The doors closed. The engines whined to life. As we began to taxi, the captain's voice came over the speaker, announcing our flight time and route. A moment of routine turbulence shook the cabin as we climbed.
I've never been a nervous flier, but my hand instinctively gripped the armrest.
From the corner of my eye, I saw him glance over. Not at my face, but at my white-knuckled hand. He didn't say a word. He simply reached into the seatback pocket in front of him, pulled out the laminated safety card, and placed it on the empty middle seat between us. Then he went back to his laptop.
It was such a small, absurd gesture. Not an offer of comfort, not a patronizing pat. Just a silent, practical acknowledgment: The information you might need is here.
The sheer, ridiculous normality of it was what cracked me. In the face of my epic cruelty, his strategic indifference, and the tense, unspoken history thickening the air between us, he was handing me a safety instruction card.
A sound escaped me. A choked, half-hysterical mix of a laugh and a sob. I clapped my hand over my mouth, but it was too late.
He looked up, his fingers pausing on the keyboard. For the first time in over a week, his neutral mask slipped. Not into anger or warmth, but into a faint, bewildered curiosity. His stormy eyes met mine, a real question in them.
"What?" he asked, his voice low, just for us in the hushed cabin.
Tears, hot and humiliating, pricked at the corners of my eyes. I shook my head, staring at the stupid safety card. "Nothing," I whispered, my voice thick. "It's nothing."
But it wasn't nothing. It was the tremor. The deep, unsettling shift beneath the glacier.
He had not retaliated with fire. He had not withdrawn into icy silence. He had become… solid. Reliable. Present. And in his quiet, unwavering, different way, he had just shown more care in that one unconscious gesture than any of the manageable men ever had with their grand, empty promises.
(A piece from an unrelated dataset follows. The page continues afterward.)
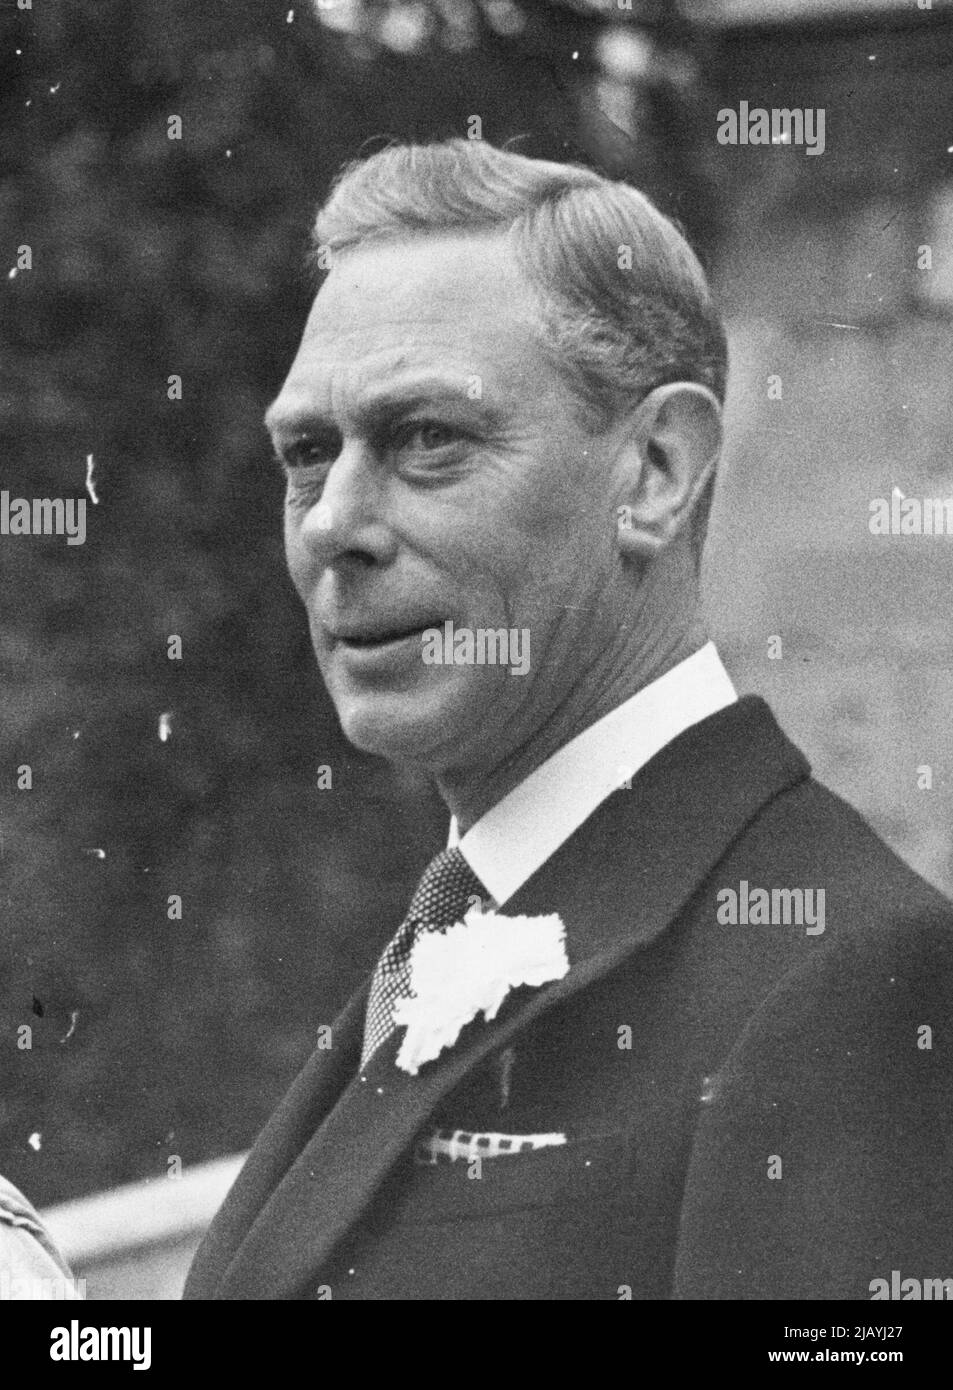 König George VI. Fotografiert am 21.. Mai. 1949. 6. Februar 1952. (Foto von Daily Mirror). Stockfoto
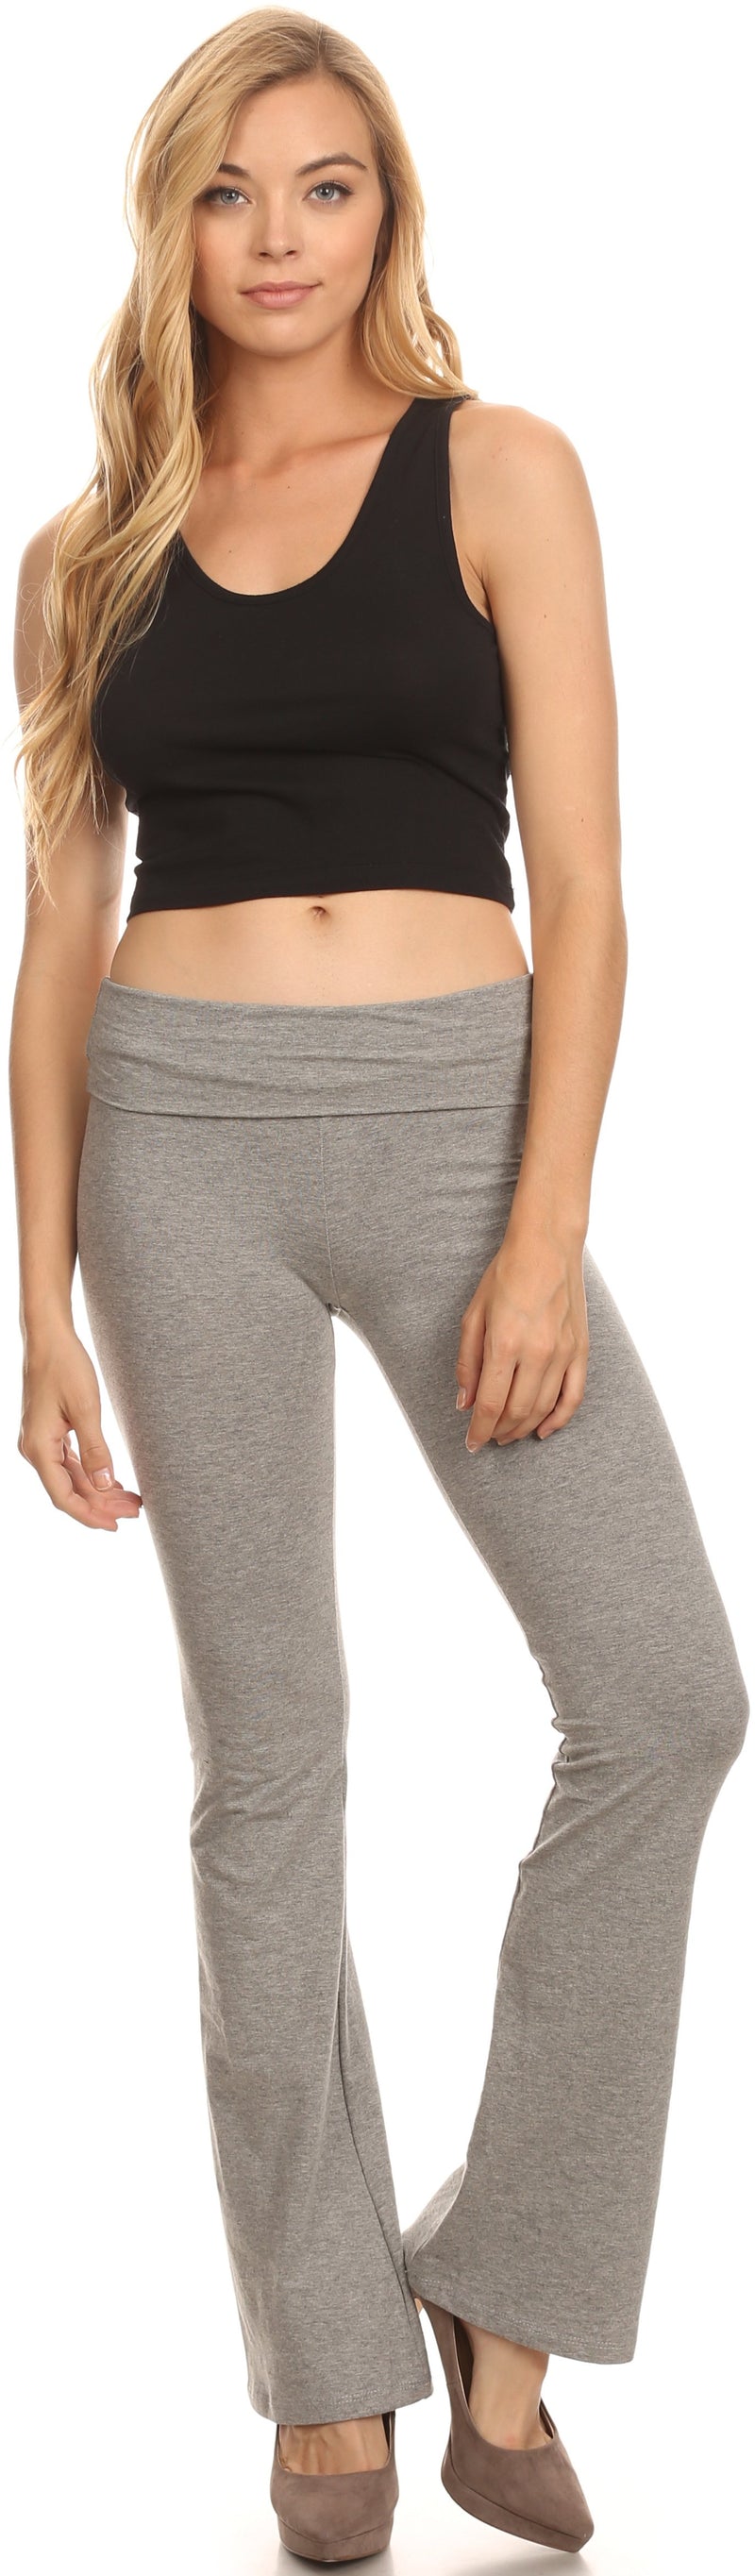 Sakkas Cotton Blend Yoga Pilates Foldover Waist Pants - Made in USA

He watched me for a long moment, his gaze thoughtful, seeing the tears I couldn't quite blink away. The indifference was gone, replaced by a watchful, intense focus that was far more familiar and far more dangerous.
Slowly, he closed his laptop. He didn't speak. He didn't touch me. He just sat there, in the seat beside me, a solid, silent presence as the plane pierced the clouds and aimed itself toward the other side of the world.
And for the first time, sitting next to him, surrounded by the quiet hum of the aircraft, I felt truly, utterly disarmed. The siege was not an attack. It was a profound, patient demonstration.
And I was no longer sure I wanted to win. I did not know why I cared about him talking to me, but I cared.